Our sample patient group is not large; a condition caused by the limited number of patients referred to our unit from the general surgery department for ALN assessment and biopsy. Another limitation of our trial is the absence of a cytologist during the FNAB procedure at our unit, leading to inadequate cytology results.
In conclusion, in breast cancer, the morphologic, cortical, and blood flow characteristics of the lymph nodes should be assessed by preoperative axillary gray scale and color Doppler US. In our trial, we detected malignancy in lymph nodes with a cortical thickness of ≥4 mm at a sensitivity of 86% and of ≥3 mm at a sensitivity of 96%. FNAB can be performed in ALNs with a cortical thickness >3 mm in breast cancer patients.

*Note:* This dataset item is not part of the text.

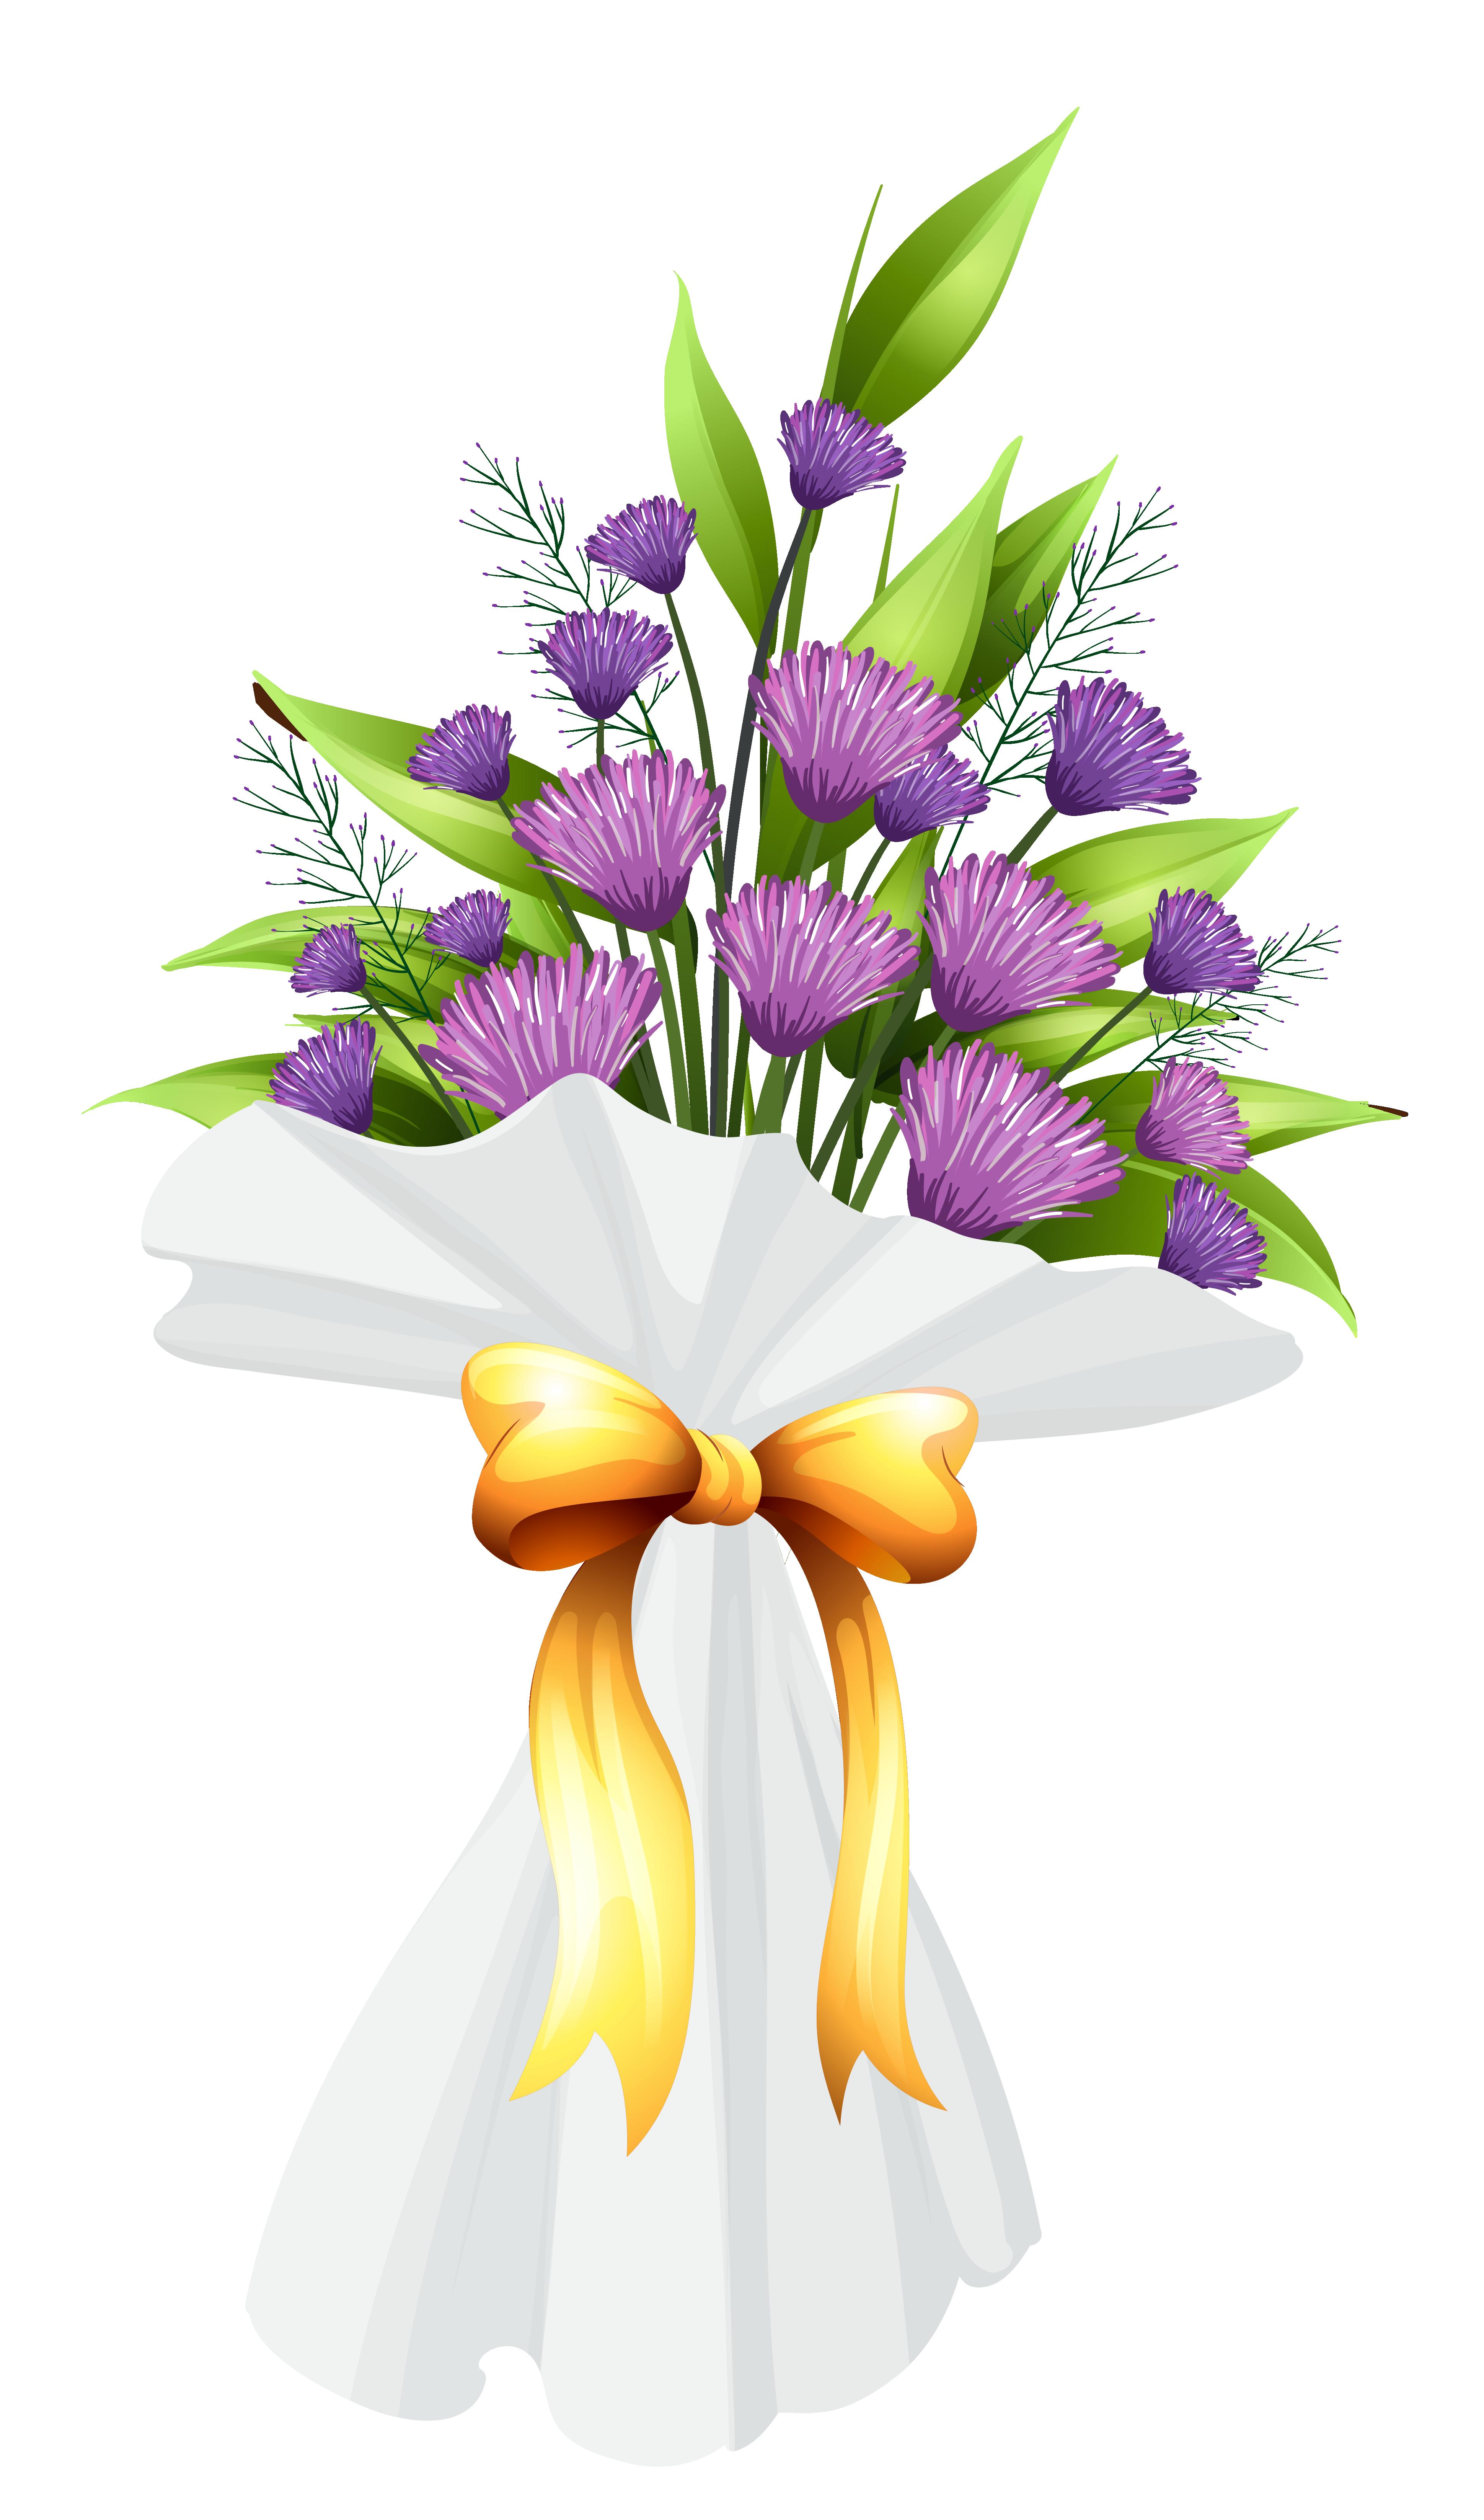 transparent stock Lily clipart flower bouquet. Purple flowers png image.

Upon detecting metastases by FNAB in the lymph nodes considered to be suspicious based on preoperative US, the routine, high-cost steps of SLN scintigraphy and intraoperative gamma probe are skipped, and the axillary dissection is performed directly. This can eliminate the need for SLN investigation in more than half of the patients. In this trial, the need for SLNB was eliminated in 60.5% of the patients because US-guided FNAB was performed. FNAB is a sensitive and quite specific method for detecting the presence of metastases in ALNs in patients with breast cancer. The sensitivity, specificity, PPV, and the NPV were 76.6%, 100%, 100%, and 53.3%, respectively. The major reason for the false negative results was the sampling errors associated with very small metastatic foci. Owing to the excellent PPV of this method, ALND can be performed in patients with a positive fine-needle aspiration result. US-guided fine needle aspiration is a highly specific assessment method. Using this method, axillary metastases can be detected at a much lower cost, preoperative staging of the disease can be performed, and the time spent doing SLNB and intraoperative frozen procedure under general anesthesia is eliminated.